Mexico’s Spurned Wal-Mart Special

Mexican shares, after mirroring the MSCI’s advance, nosedived as heavyweight Wal-Mart was reportedly ensnared in large government payoffs to secure store locations that were not pursued after the results of an internal investigation. To labor activists, many close to the long-dominant PRI commandingly ahead in presidential opinion polls, the episode smacked of previous alleged cover-ups to hide questionable business practices including wage and working hour non-compliance. The revelation dented the domestic demand story that along with US-driven exports were to bring GDP growth close to 4 percent, above rival Brazil which has imposed 3-year limits on auto entry to protect domestic plants. It came as the central bank has tilted toward easing after a long stretch on hold in the pre-election period, with the peso also softening on a trajectory back to 13. The outgoing administration has trumpeted new success with the aerospace industry while postponing further steps on Pemex private opening, although President Calderon harshly criticized Argentina’s expropriation move against Spain’s Repsol. As the former colonial power reels from its own debt crisis regulators have looked for signs of strain at the big Spanish-owned networks mainly funded by local deposits. They are also key buyers of Treasury bills and bonds with the foreign-controlled share of the instruments at 30 percent.
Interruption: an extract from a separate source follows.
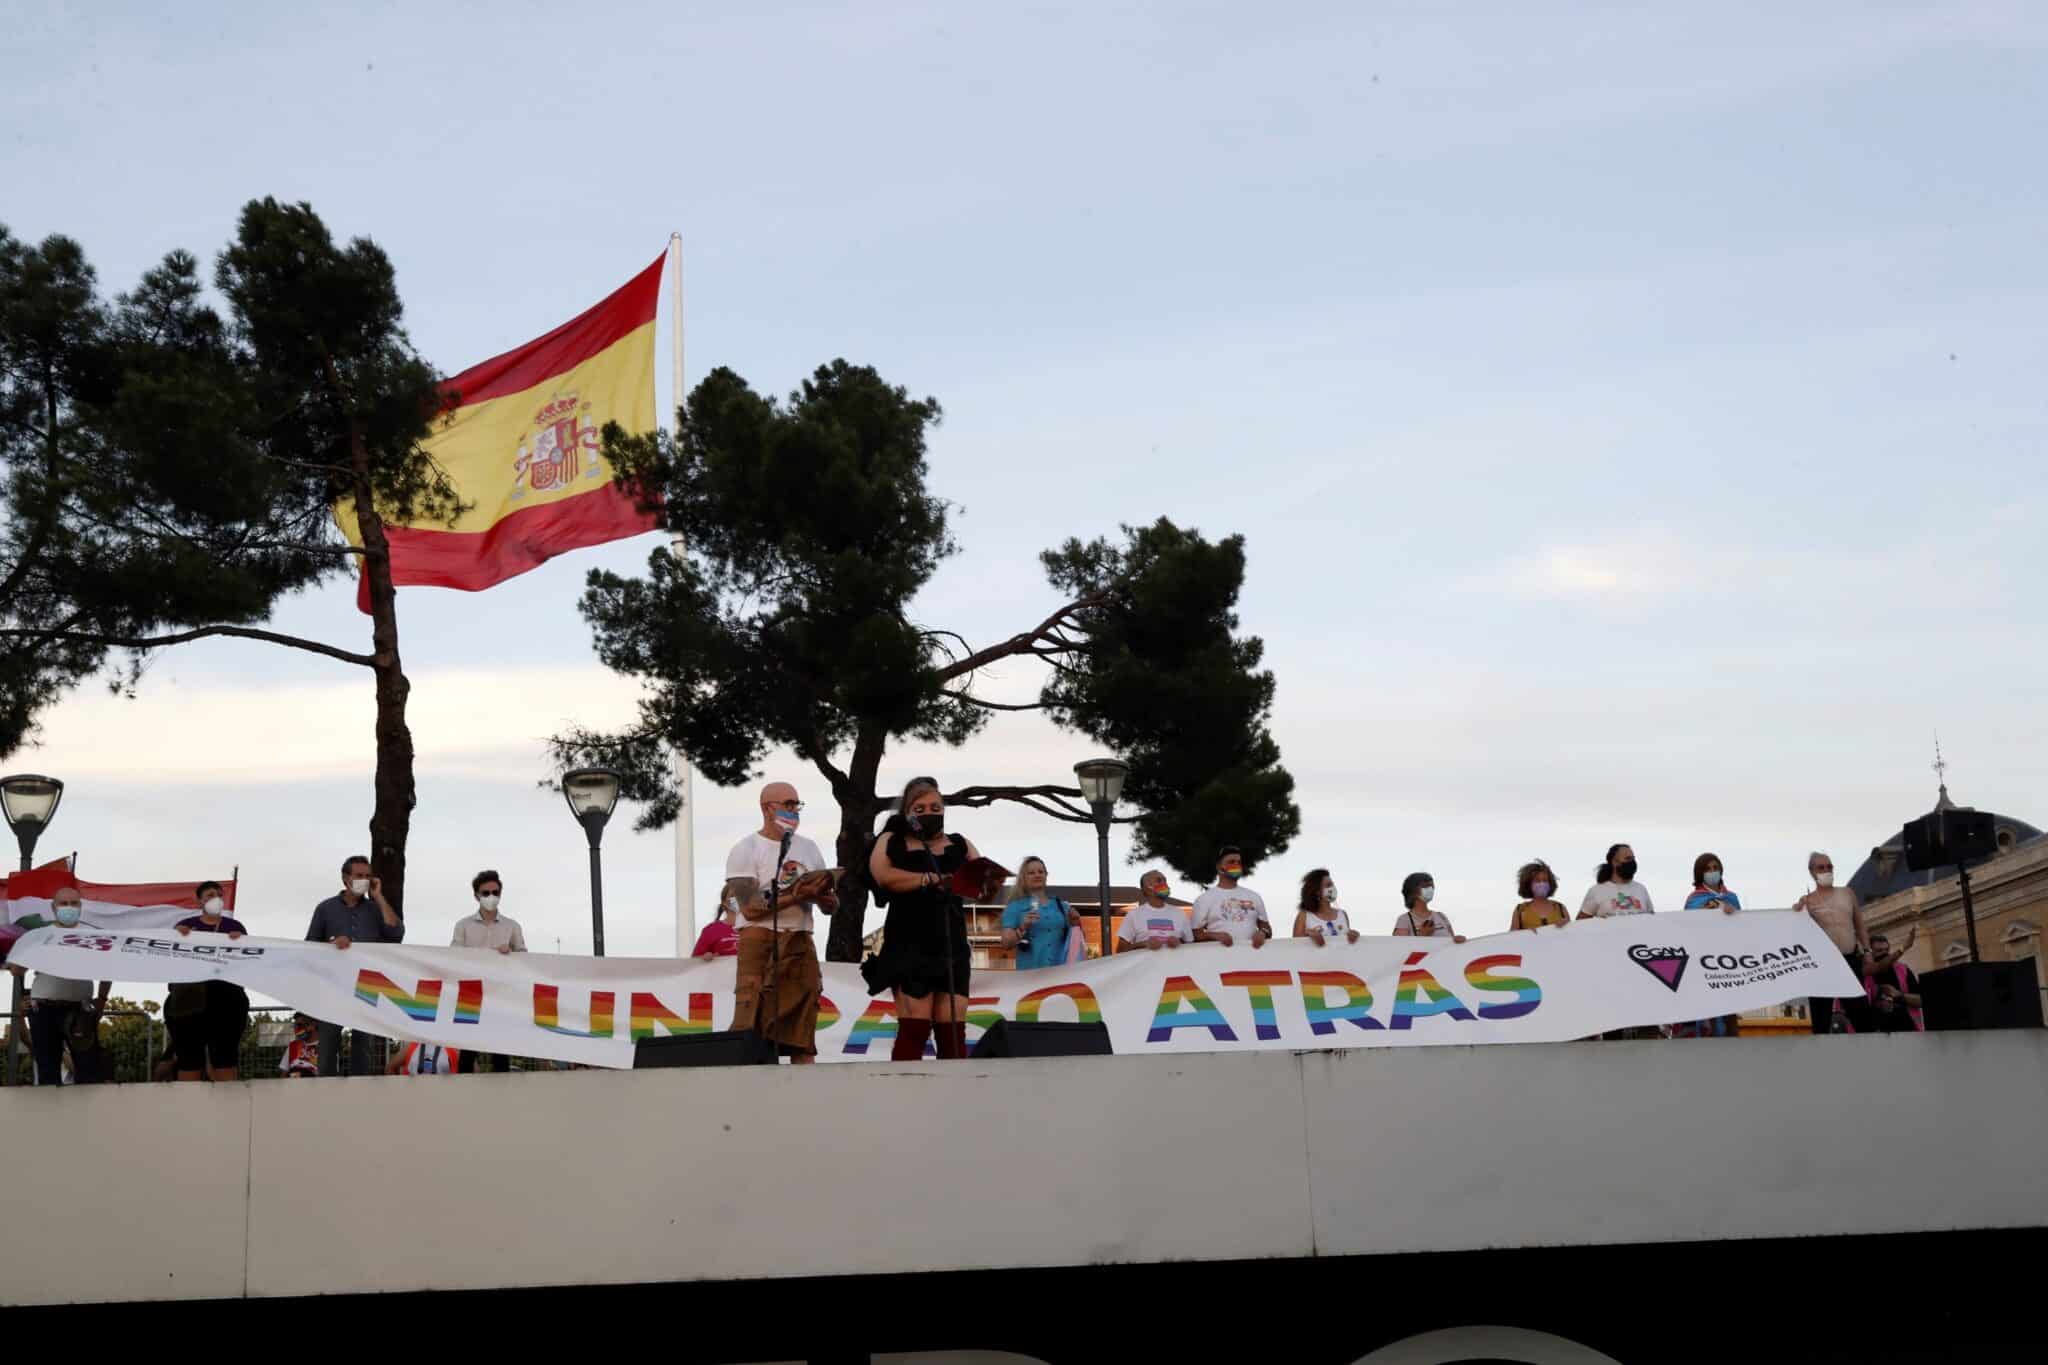 Final de la marcha del Orgullo LGTBI que ha recorrido hoy sábado el paseo del Prado y Recoletos de Madrid, finalizando en la Plaza de Colón.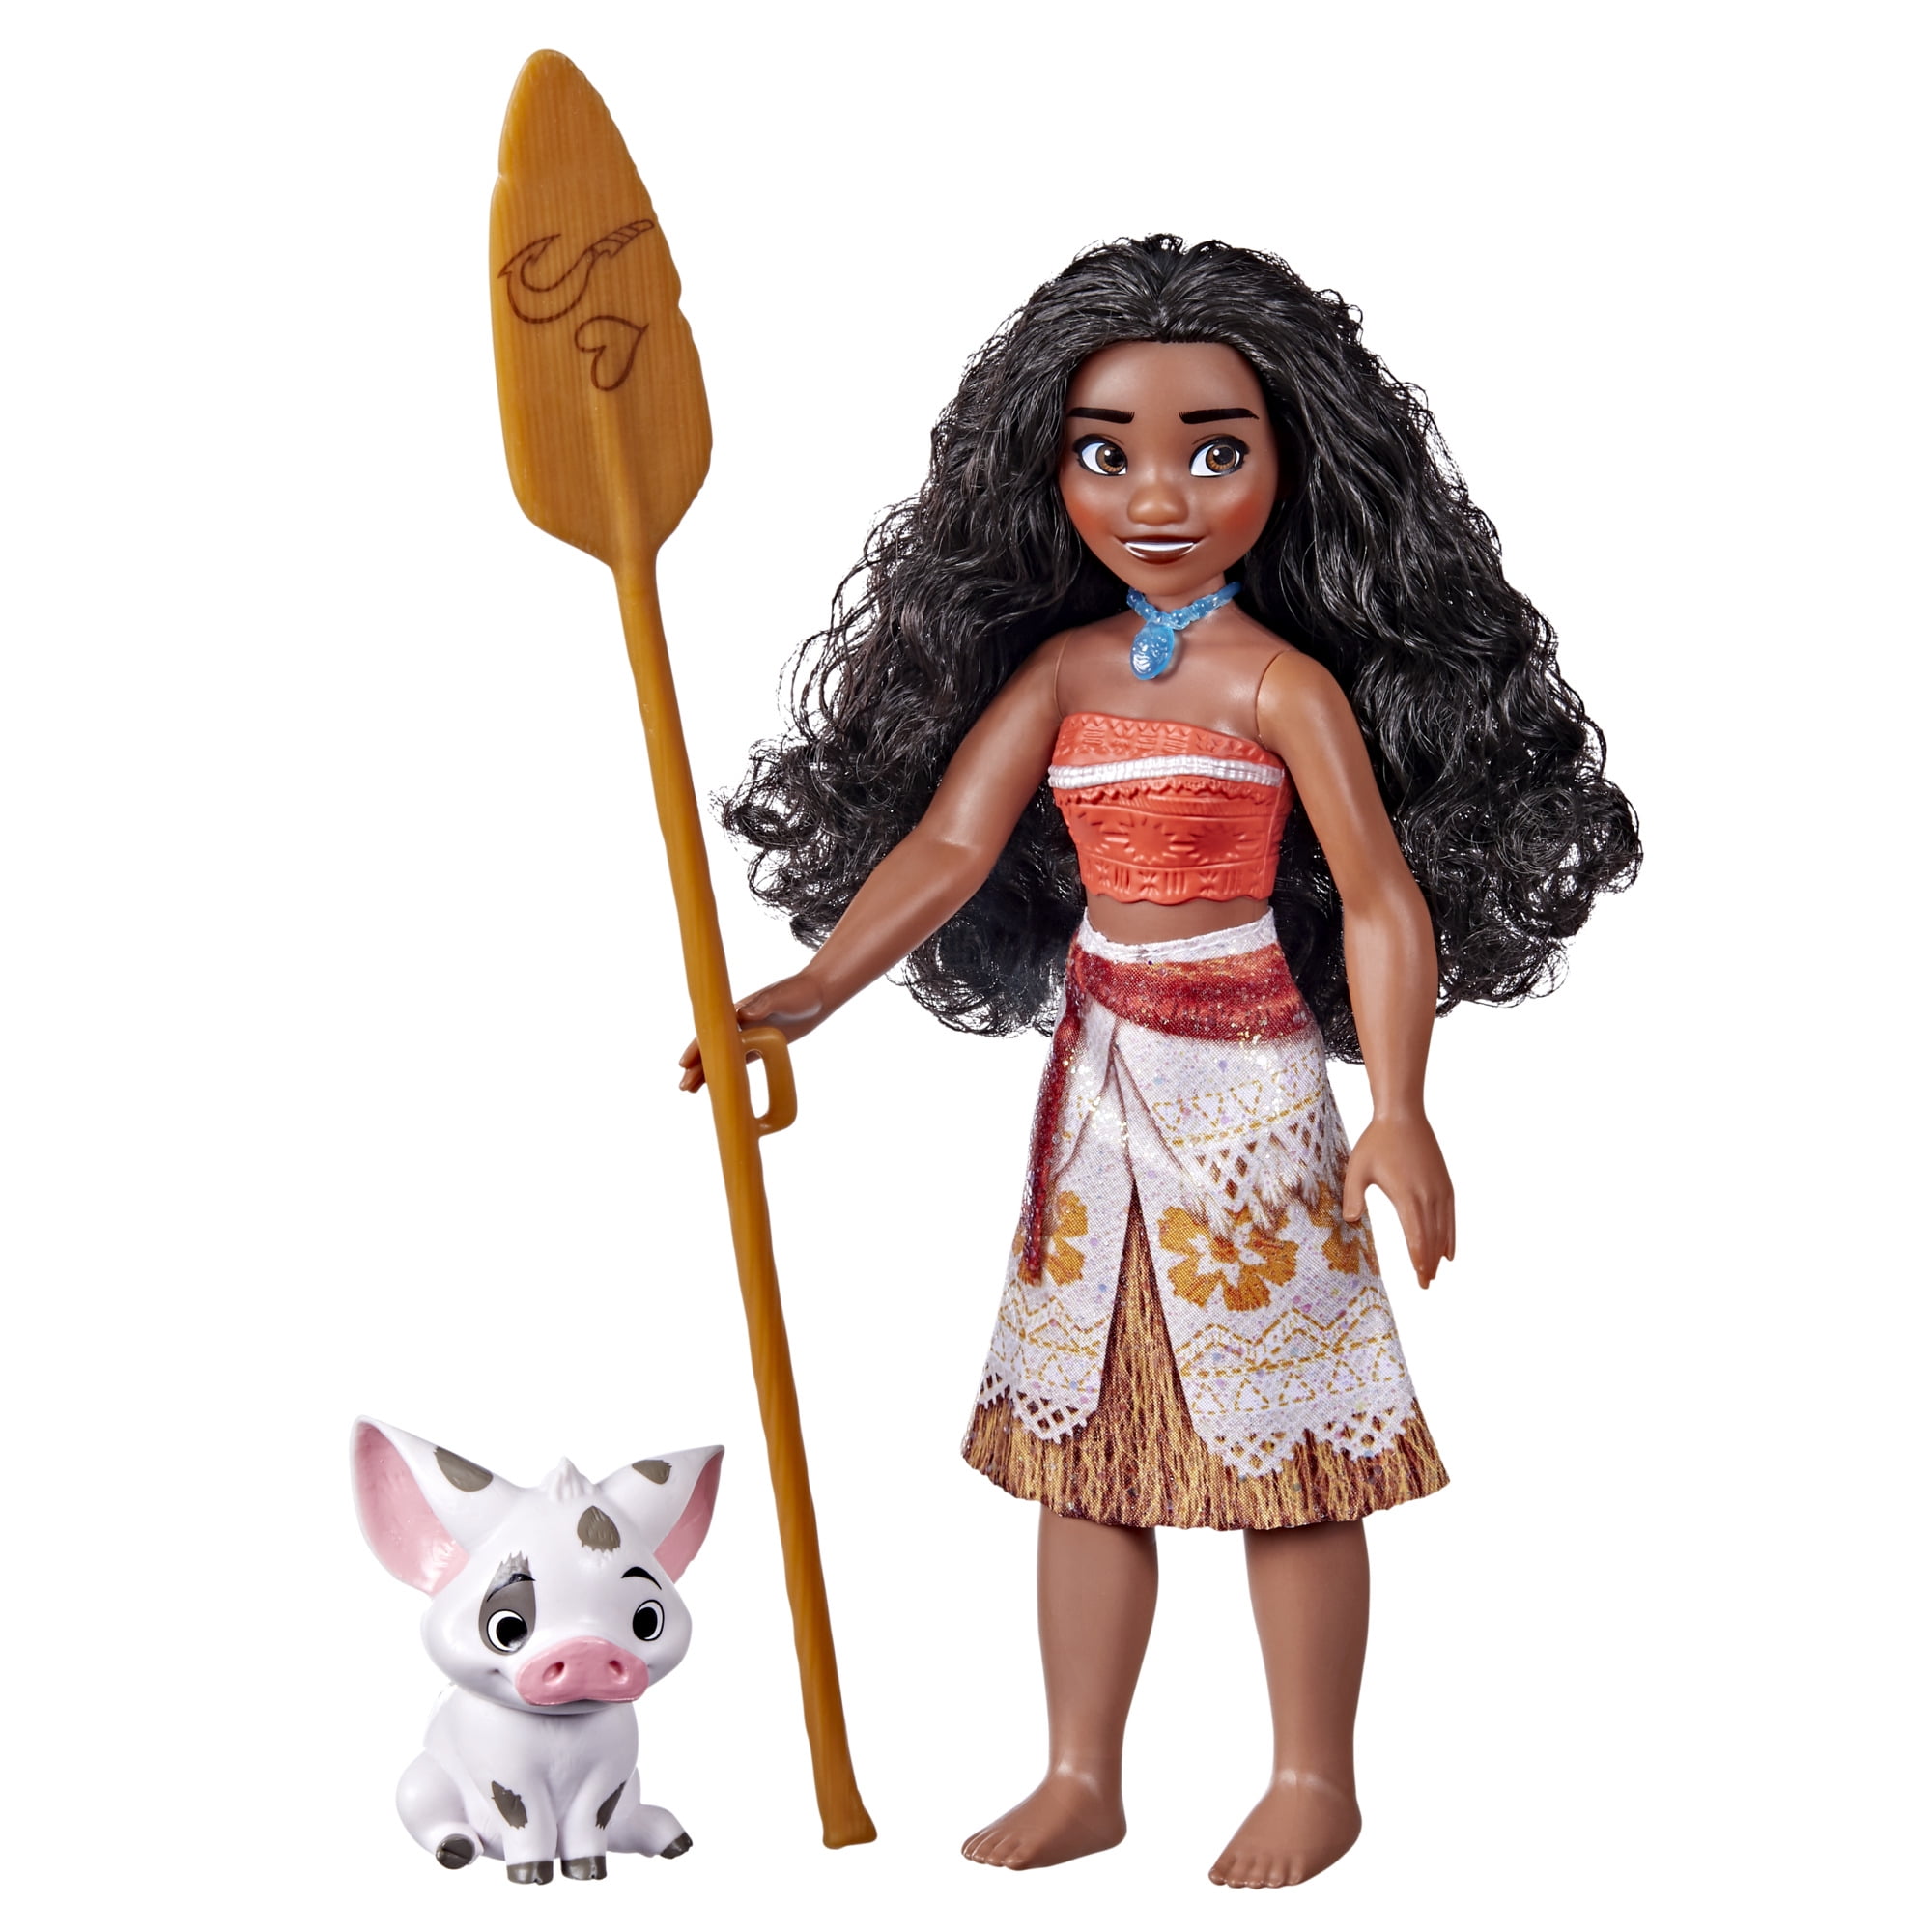 Disney Moana of Oceania Adventures with Maui The Demigod - Walmart.com

The monetary authority has rejected peso intervention while continuing the regular foreign exchange auction, but a sudden bout of weakness on capital outflow could bring a course shift. In probing Latin America’s vulnerabilities the IMF and World Bank during the spring meetings cited commodity price and European bank reversals. Front-runner for the July contest Perez Nieto has promised to sustain macro-economic discipline and increase formal employment through competitiveness and structural changes. His lead stands at double-digits despite commentator jabs at his intellect and questions of favorable deals during his tenure as state governor. Unlike the historical tendency all three candidates vow to tighten relations with Washington to further trade and anti-drug agendas, while they allow for future bilateral Nafta modifications and narcotics decriminalization.

Their stance may be tamer than Brazilian President Dilma Rousseff’s during her April visit to the US, where she lambasted the “monetary tsunami” triggered by the Fed’s near-zero interest policy and insisted the WTO investigate possible exchange rate manipulation. She also pressed for answers on a defense contract won by aircraft maker Embraer that was later suspended and solicited support for a permanent UN Security Council seat. With the benchmark Selic due to revert to its post-crisis low under 9 percent the central bank is now demanding that domestic lenders reduce record spreads after erecting a complex of anti-appreciation measures against foreign investors. The development giant BNDES will receive a fresh infusion for infrastructure and strategic sectors that find strict definitions discounted in a sudden shopping frenzy.